Print Article   Download XML  Download PDF

GEOINFORMATICS APPROACH TO QUALITATIVE FOREST DENSITY LOSS ESTIMATION AND PROTECTION CUM CONSERVATION STRATEGY- A CASE STUDY OF PIR PANJAL RANGE, J & K, INDIA

Author: Gowhar Meraj, Shakil A. Romshoo, A.R. Yousuf

Category: General Sciences

Abstract:The present work is an attempt to qualitatively assess forest density losses very rapidly over a comparatively large area. This study unravels the forest density loss rates of forest compartments in district budgam, central Kashmir between 1992 and 2008, wherein forest compartments are grouped based on the emergency of forest conservation required. Satellite remote sensing and GIS technology has been used in this study for land use/land cover inventorization. Methodology consisted of using visual image interpretation and vector GIS overlay analysis. The data sets used were Landsat TM-1992 and IRS-LISS III-2008. Forest density classification was performed using Forest survey of India (FSI) classification scheme. In order to analyze forest density losses within forest compartments, vector GIS overlay analysis of forest class theme-1992, forest class theme-2008 and forest compartment boundary was performed. The resultant overlaid theme was analyzed for forest density change between 1992 and 2008.The highest percent forest density loss was observed in Danizar (90.60%) followed by Nilnag (90.24%), Sangarwain (87.48%), Nagabal (81.24%), Doodhganga (69.04%), Yus (41.55%), Guravet (27.17% ), Brenwar (25.70%), Kachwari (23.05%), Handpathar (15.36%), and Nambian (1.13%).On the basis of percent forest density loss status of forest compartments a protective cum conservative prioritization grouping was performed wherein those compartments which have degraded more than 30 % were grouped into highest priority status compartments. As for as the immediateness of the protection cum conservation is required, it was concluded that Yus, Doodhganga, Nagabal, Sangarwain, Nilnag and Danizar fall in the highest priority group while as Nambian, Handpathar, Kachwari, Brenwar and Guravet fall in the least priority group. This study provides a methodology to quickly assess forest density loss rates and an effective approach for forest conservation and protection strategy using satellite remote sensing and GIS technology.

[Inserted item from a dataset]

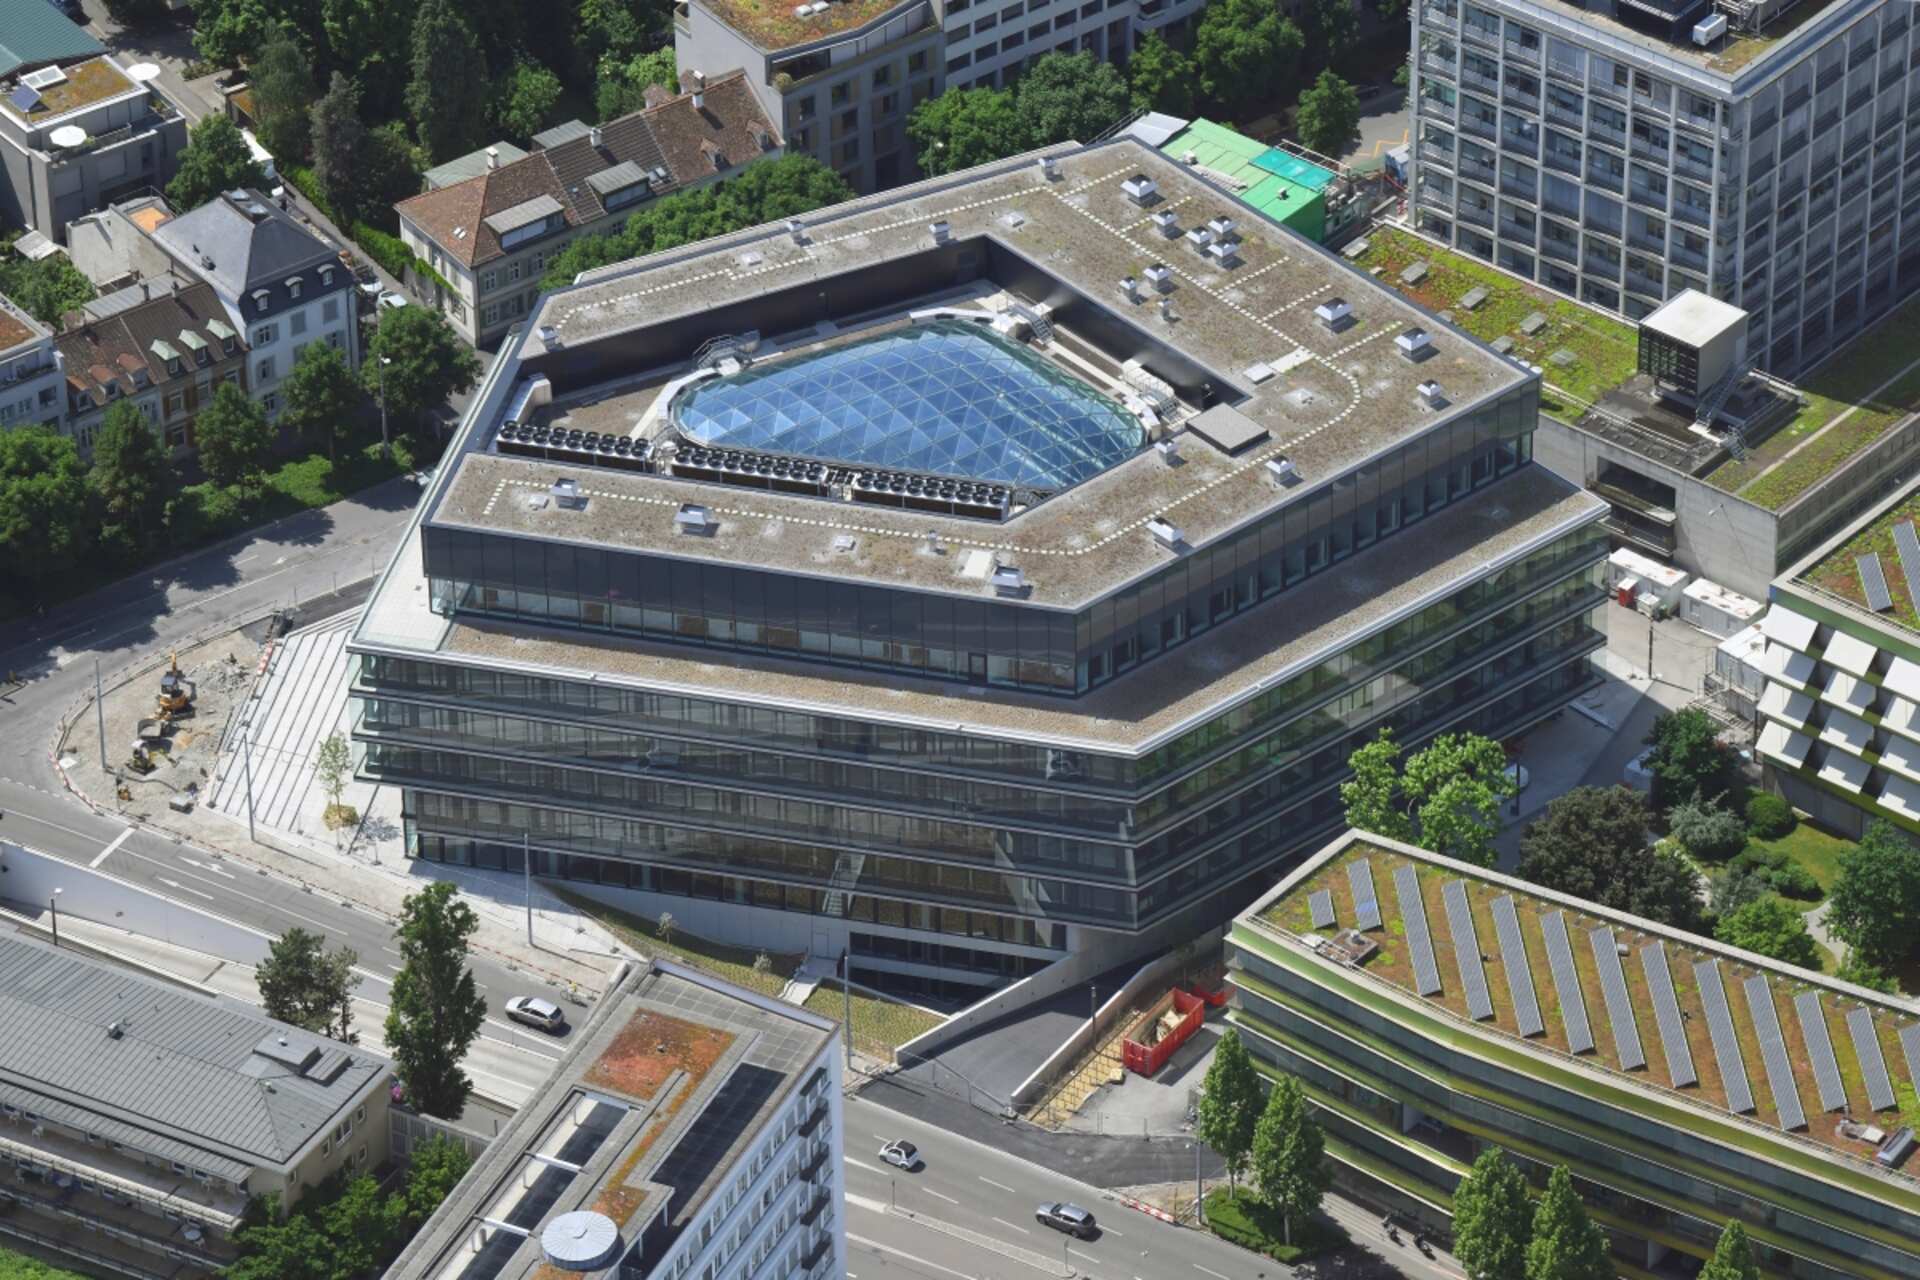 Inžinierska počítačová biológia: od matematickej teórie k bunkám ľudského tela vo výskume v budove BSS Federálneho technologického inštitútu v Zürichu v Bazileji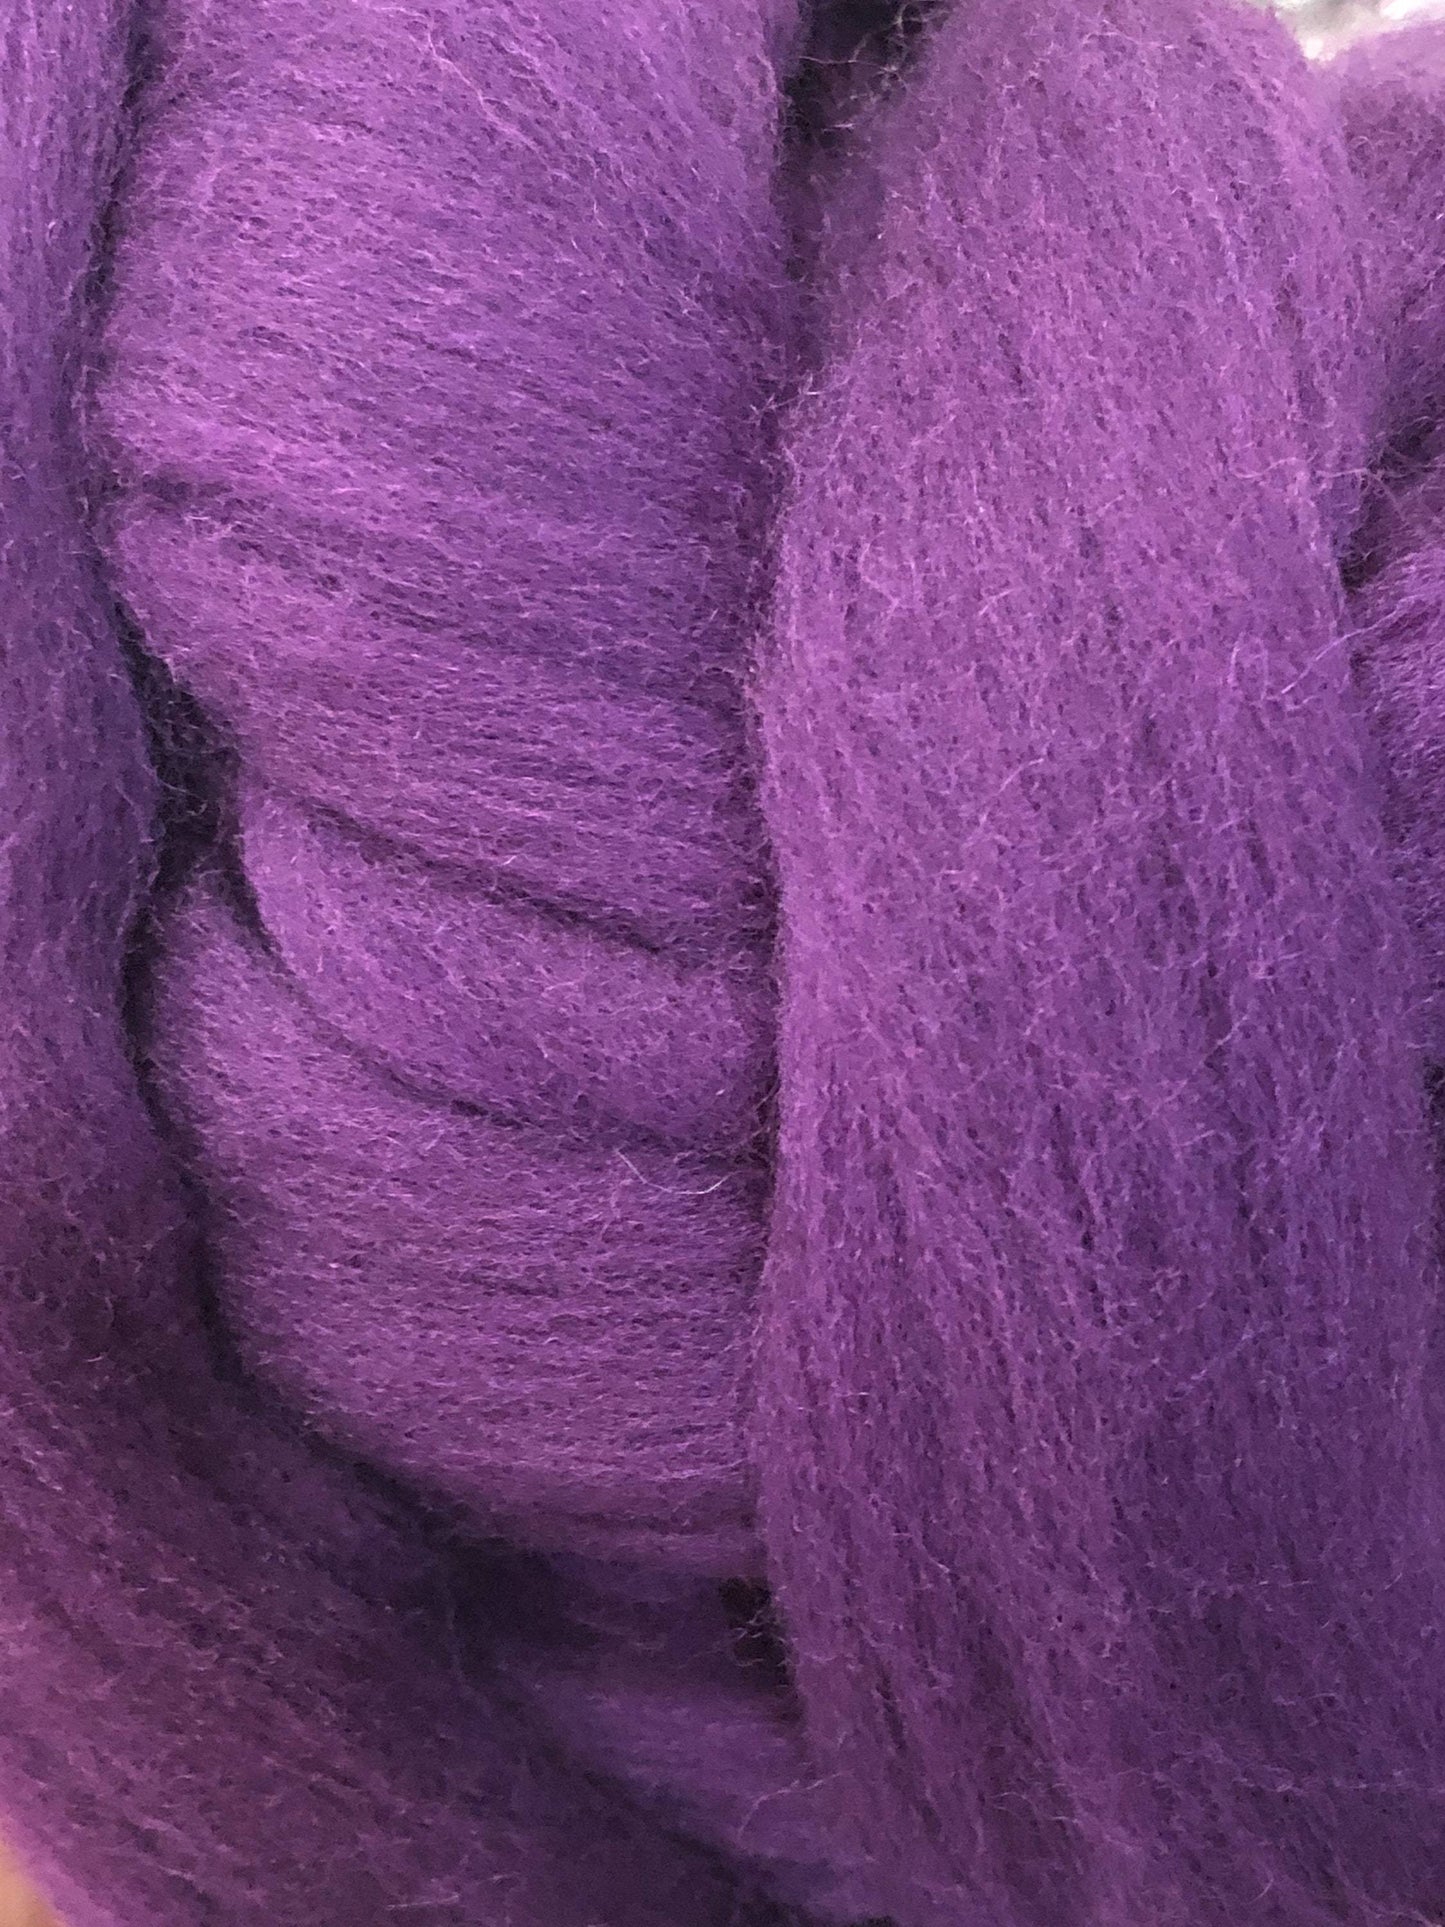 Purple Grape Merino Wool Top Roving

Keywords: Forest Density Class, Vector GIS overlay analysis, Forest Conservation, Forest compartment, Pir Panjal Range, Protective cum Conservative Prioritization Grouping.

Full Text:

INTRODUCTION
Jammu and Kashmir is has been endowed with Nature’s most treasured resources. Gushing waterfalls, magnificent flora and fauna, majestic mountains and water not. Kashmir is well known as a place of bliss and delight and peace. One of the reasons for Kashmir’s such grandeur can be imparted to its rich treasure of forest resources. The total land under forests in J and K is 2,023,000 Km2 (J and K, Forest Digest-2005; J and K Digest of Statistics (DES), 2005) which comprises about 10% of its geographical area.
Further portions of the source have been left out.